HALAMKA: Blockchain is not an interoperability, a telemedicine or identity management solution. The use cases for blockchain must be carefully specified so they make sense.

Blockchain is at the height of the hype curve right now. If we are not careful, it will become a meme for overpromising and underdelivery in health care.


HEALTHTECH: Will blockchain in health go mainstream? If so, when?

GOLDWATER : We are still a few years away. The problem is not really technical, it is a business and cultural .

] It is possible to develop a range of solutions, but it will be necessary to determine their applicability, effectiveness and ability to adapt to multiple providers and healthcare systems, as well as to patients and payers. For now, we have I still need to explain what this technology is, how it can be used and what the implications are.

MACKEY : In some healthcare verticals, the adoption of blockchain will happen fairly quickly For example, in the clinical trial space there are clear advantages that pharmaceutical companies and the FDA are already advancing, as better recruitment of patients, consent of participants to trials using smart contracts and ensuring the validity of clinical trial data and protocols.

In other verticals, such as the supply chain, it will be slower due to concerns about data privacy, the cost of compliance and the conflicting interests of several business partners, such as logistics service providers and manufacturers.


PALOMBINI: I do not think we will ever have 100% compliance in the health sector. Even now, some doctors do not have websites and some patients do not send emails

However, in the next two or four years, I imagine an increase in discussions
on the results of concept tests and pilot projects, as well as results of partial implementations on public blockchain projects coming out of consortia and work groups.

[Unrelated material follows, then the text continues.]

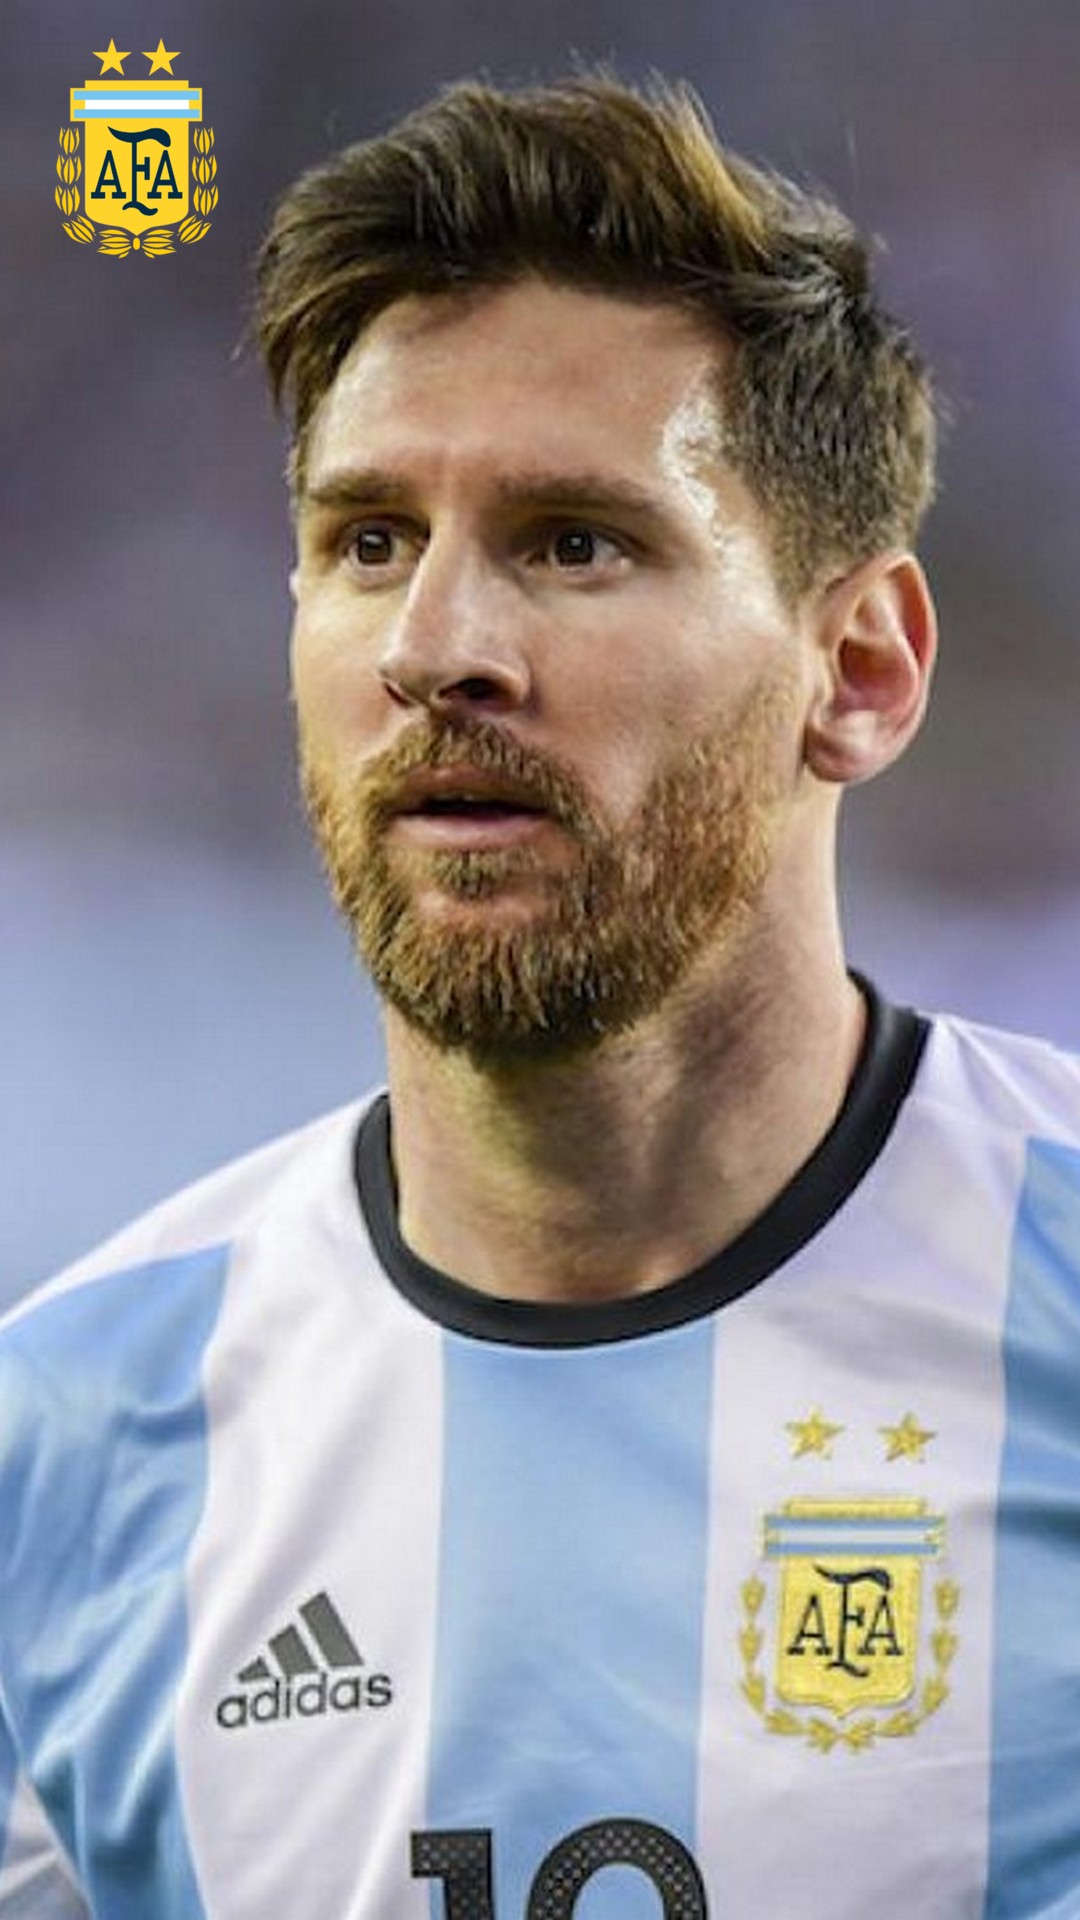 Wallpaper Messi Argentina iPhone with resolution 1080X1920 pixel. You can make this wallpaper for your iPhone 5, 6, 7, 8, X backgrounds, Mobile Screensaver, or iPad Lock Screen

HALAMKA: In the coming years I think it will be widely used for audit trails management of clinical trial and tracing consensus . Practitioners can expect the blockchain to be an invisible technology implemented behind the scenes that provides greater security and information verification because practices increasingly depend on the use of digitized information.

Blockchain for health care is at the start of its life cycle, but has potential standardizes the secure exchange of data in a less onerous manner than previous approaches.